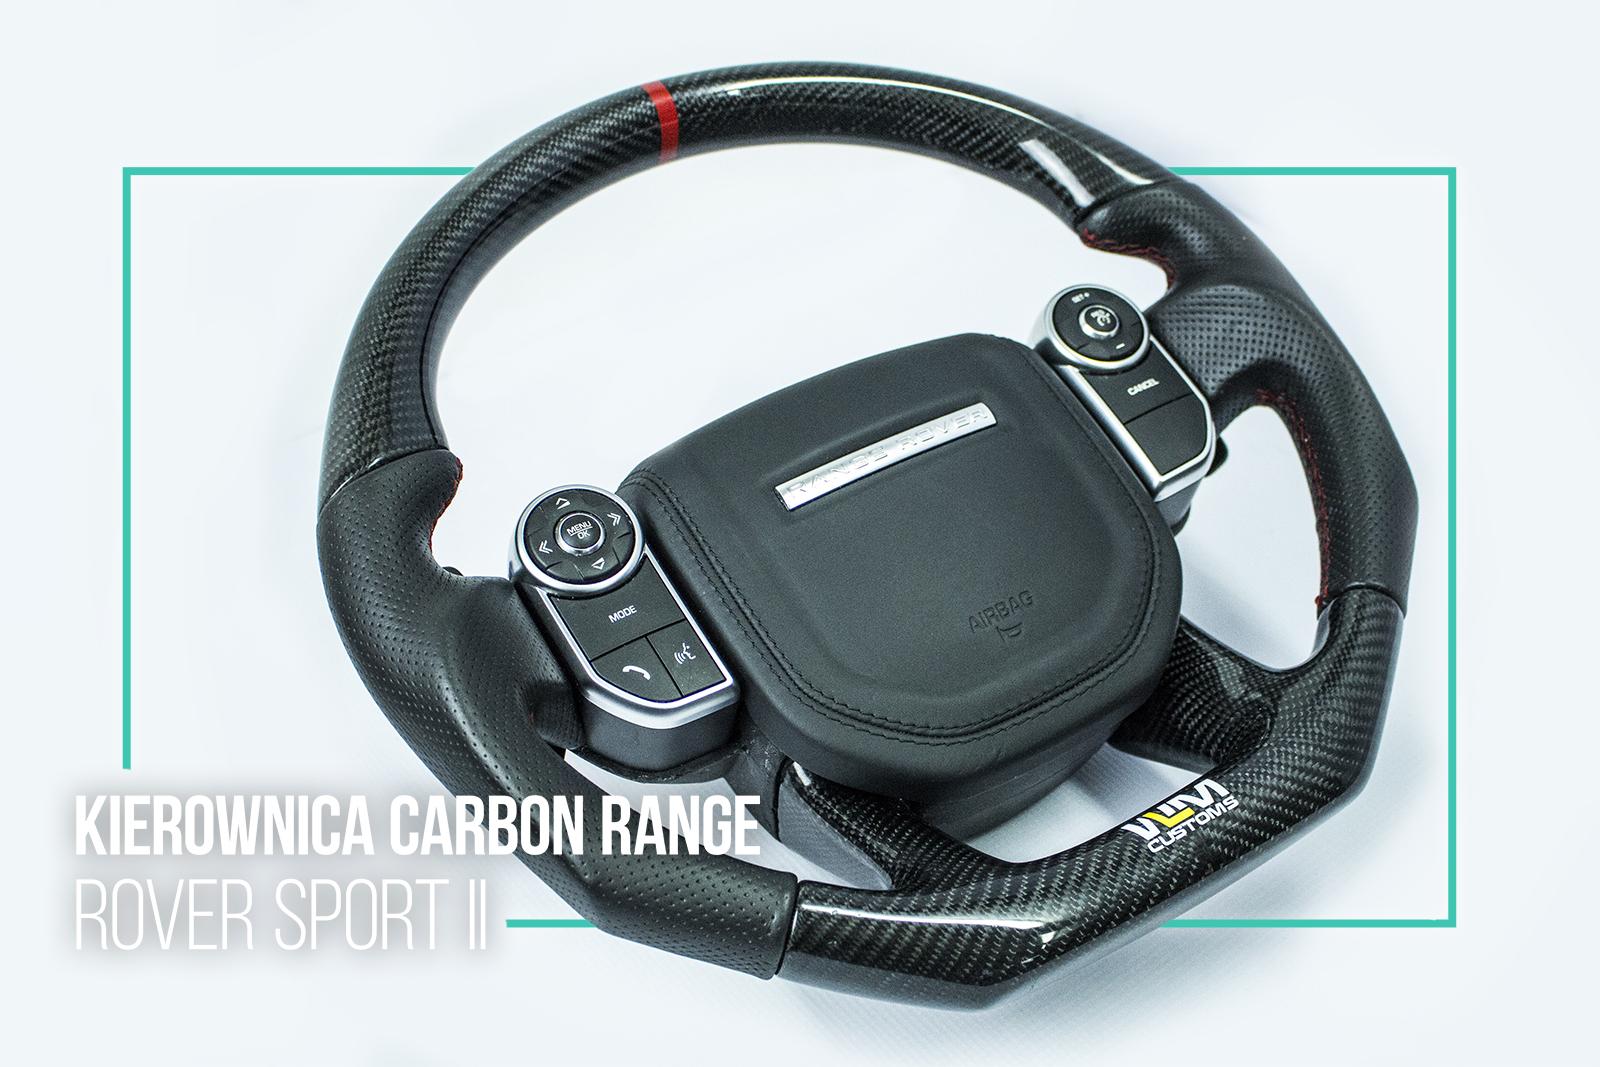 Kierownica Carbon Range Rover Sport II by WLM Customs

※

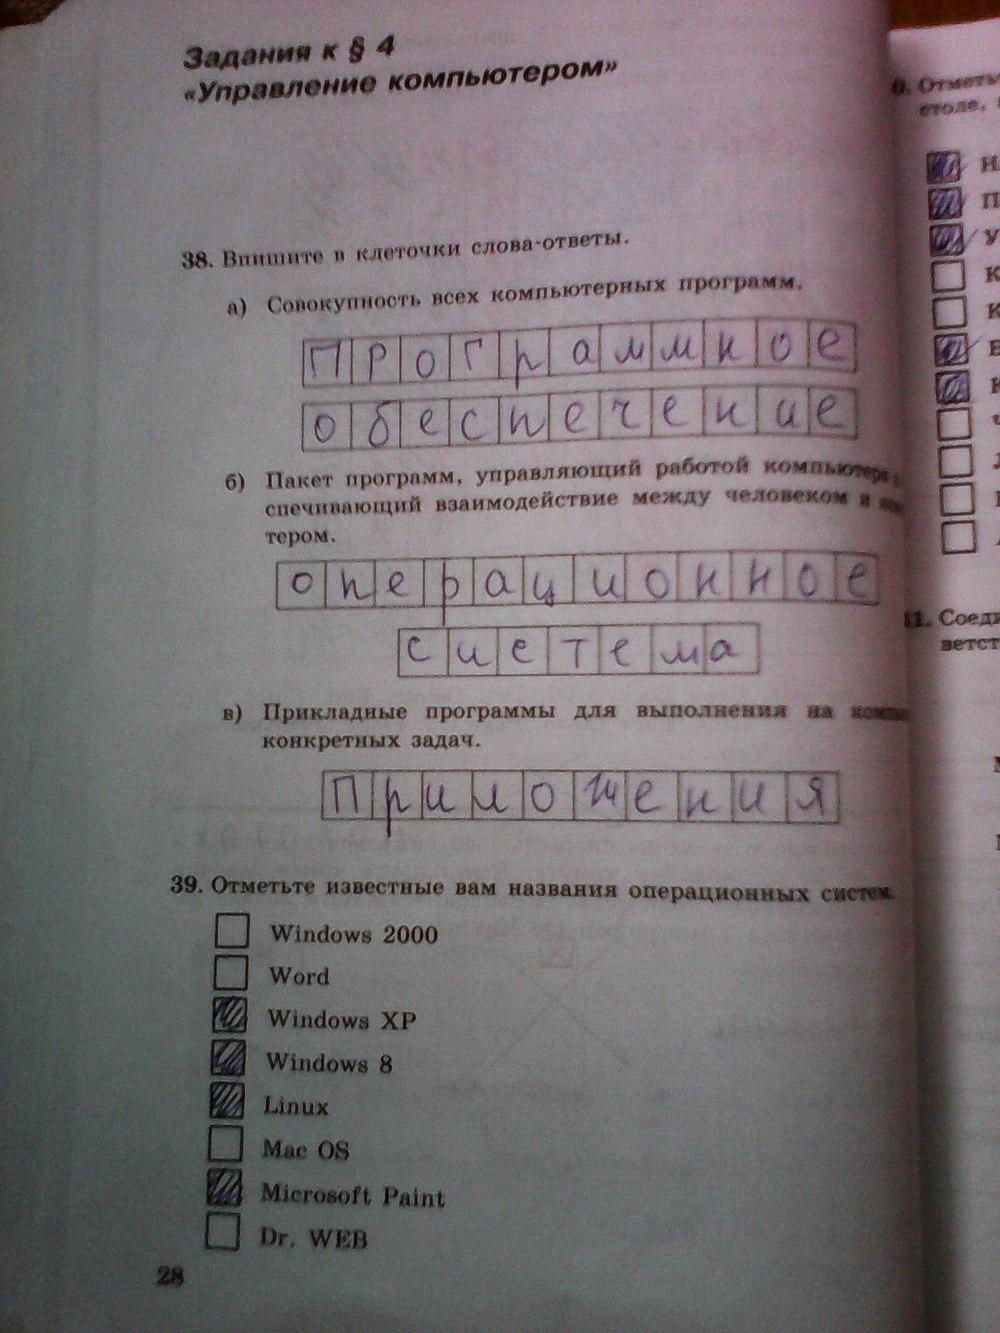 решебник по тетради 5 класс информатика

※

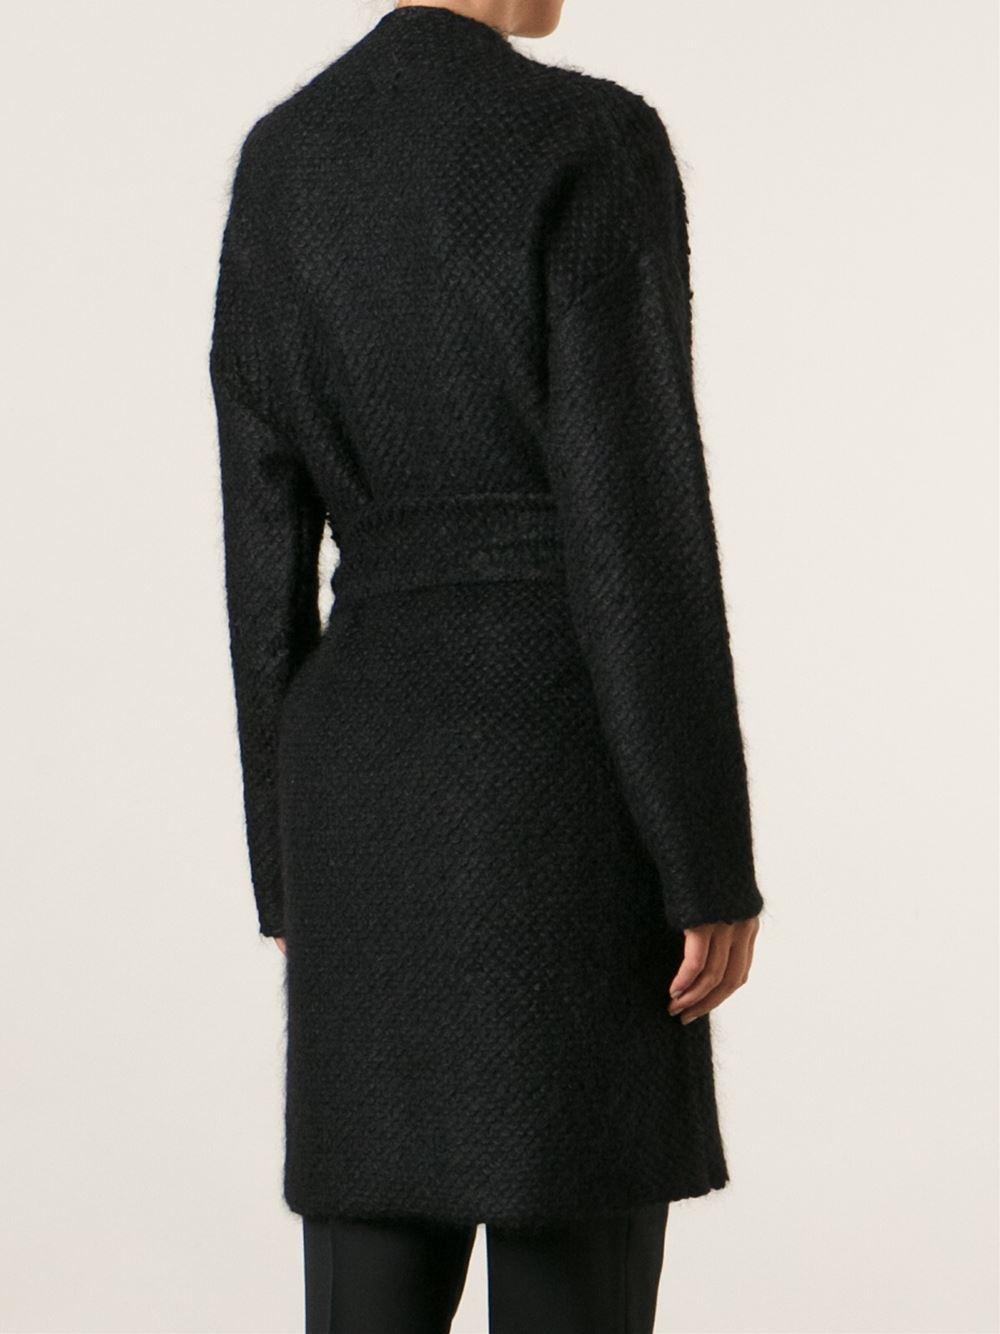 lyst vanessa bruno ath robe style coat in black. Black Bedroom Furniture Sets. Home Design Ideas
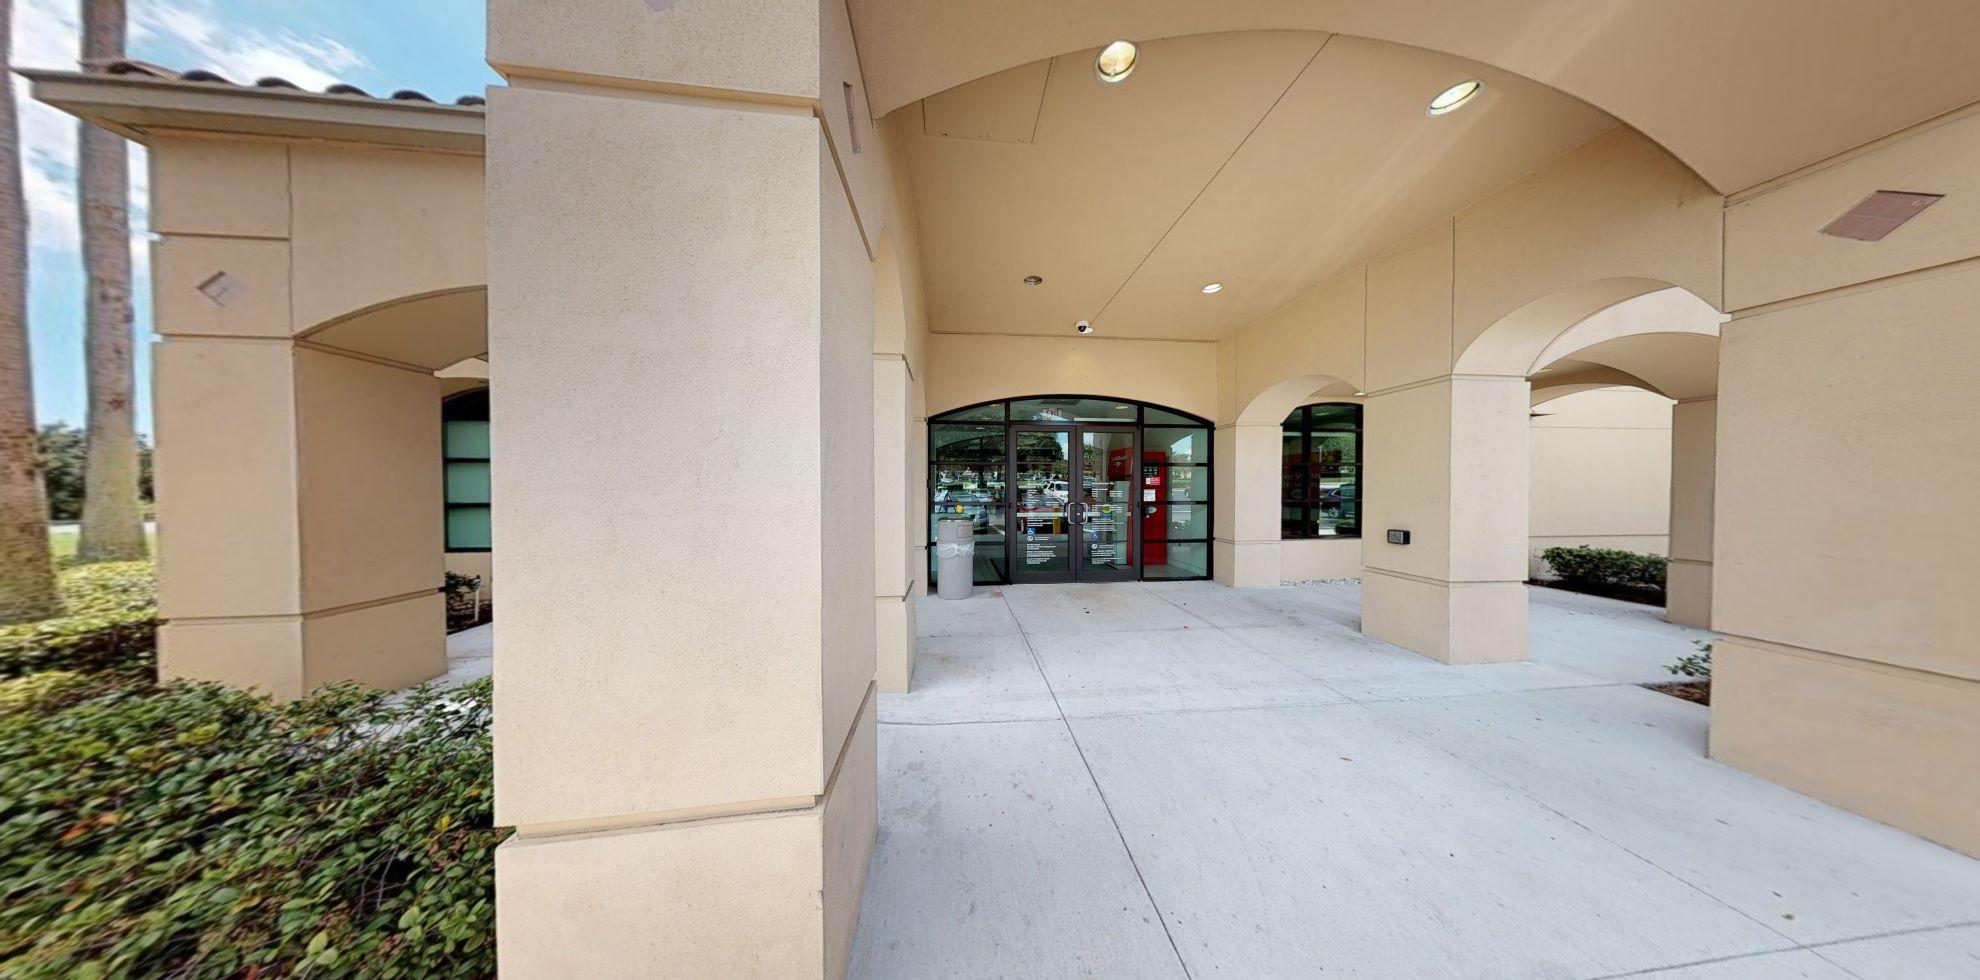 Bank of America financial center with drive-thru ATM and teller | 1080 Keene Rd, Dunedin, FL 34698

※

- Goal of the exercise -
Using the records above, return verbatim only the part that opens with the line containing "lyst vanessa bruno" and closes with the line containing "Bank of America"; pictures stay out.

- Completed task -
 lyst vanessa bruno ath robe style coat in black. Black Bedroom Furniture Sets. Home Design Ideas
 Bank of America financial center with drive-thru ATM and teller | 1080 Keene Rd, Dunedin, FL 34698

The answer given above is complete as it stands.